The ath11k hacks may be awful, but in their defence, that's because the
whole way the hardware works is awful.

Q: With PCI passthrough to a guest, how does the guest OS tell the
device where to do DMA?

A: The guest OS just hands the device a guest physical address and the
IOMMU does the rest. Nothing 'intercedes' between the guest and the
device to mess with that address.

Q: MSIs are just DMA. So with PCI passthrough to a guest, how does the
guest OS configure the device's MSIs? 

<fantasy>
A: The guest OS just hands the device a standard MSI message encoding
the target guest APIC ID and vector (etc.), and the IOMMU does the
rest. Nothing 'intercedes' between the guest and the device to mess
with that MSI message.

And thus ath11k didn't need to do *any* hacks to work around a stupid
hardware design with the VMM snooping on stuff it ideally shouldn't
have had any business touching in the first place.

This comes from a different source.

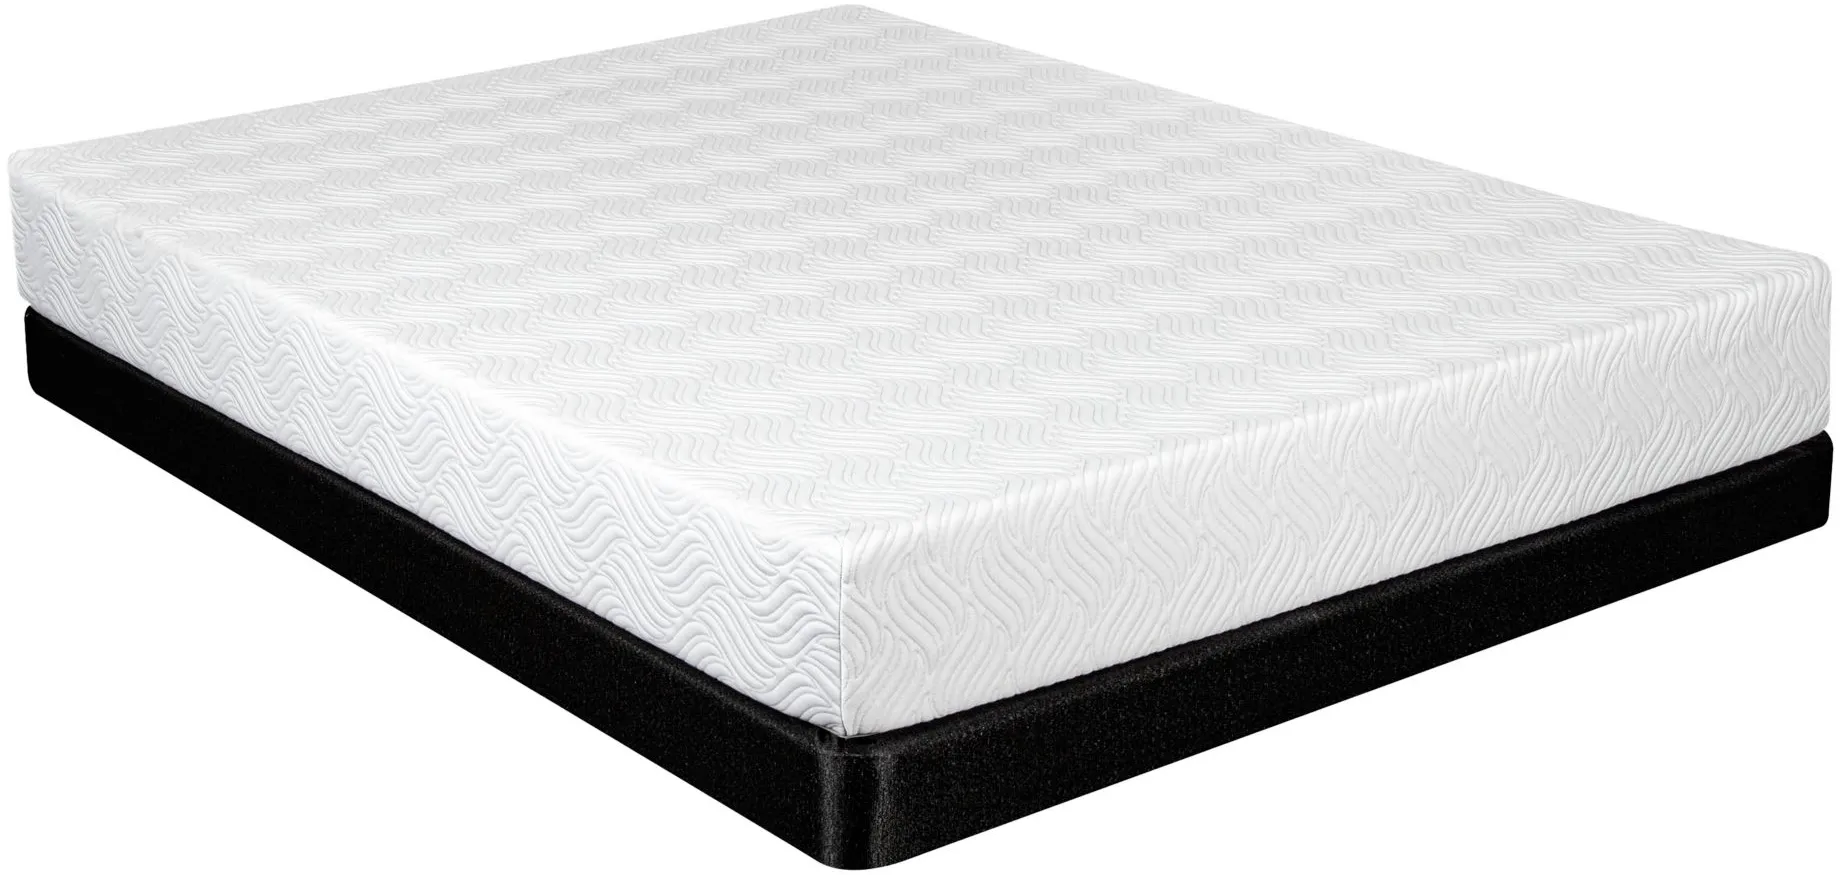 bellanest imperial euro top mattress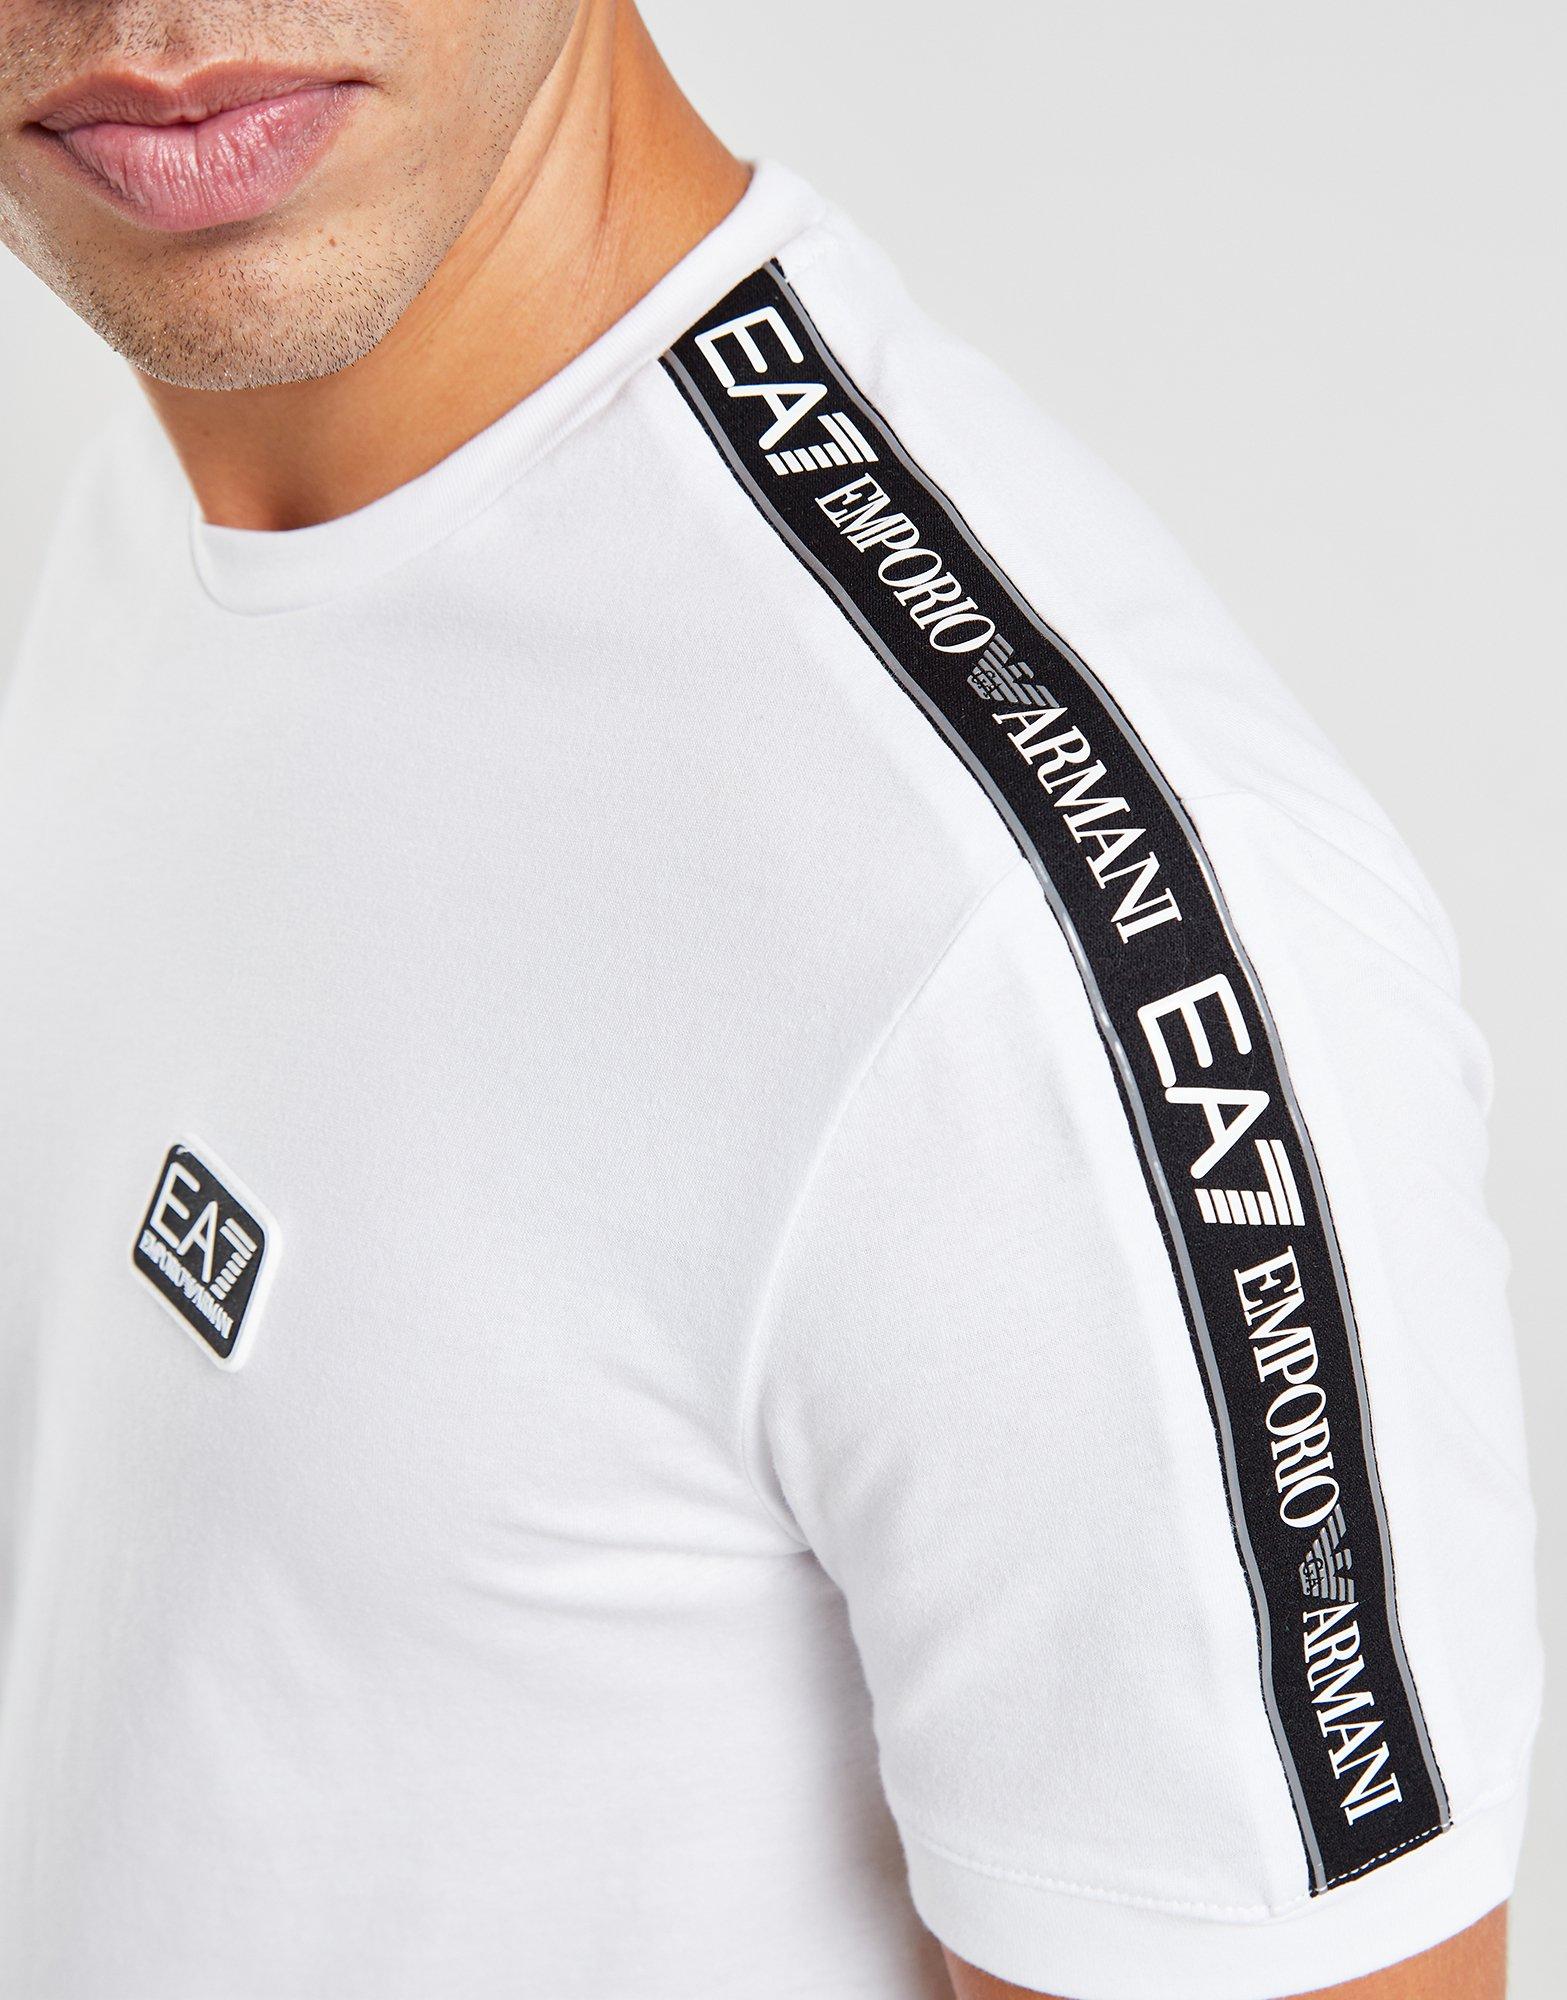 Emporio Armani EA7 Tape Badge T-Shirt JD Sports Global

Posted interrupts are almost the *default* because the IOMMU receives a
<source-id, vCPU APIC ID, vector> tuple on the bus. If receiving an
interrupt for a vCPU which isn't currently running, that's when the
IOMMU sets a bit in a table somewhere and notifies the host OS.

All that special case MSI handling and routing code that I had
nightmares about because it fell through a wormhole from a parallel
universe, doesn't exist.

And look, DPDK drivers which run in polling mode and 'abuse' MSIs by
using real memory addresses and asking the device to "write <these> 32
bits to <this> structure if you want attention" just work nicely in
virtual machines too, just as they do on real hardware.
</fantasy>

/me wakes up...

Shit.

And we have to enable this Interrupt Remapping crap even to address
more than 255 CPUs *without* virtualization? Even a *guest* has to see
a virtual IOMMU and enable Interrupt Remapping to be able to use more
than 255 vCPUs? Even though there were a metric shitload of spare bits
in the MSI message we could have used¹.

Wait, so that means we have to offer an IOMMU with *DMA* remapping to
guests, which means 2-stage translations and/or massive overhead, just
for that guest to be able to use >255 vCPUs?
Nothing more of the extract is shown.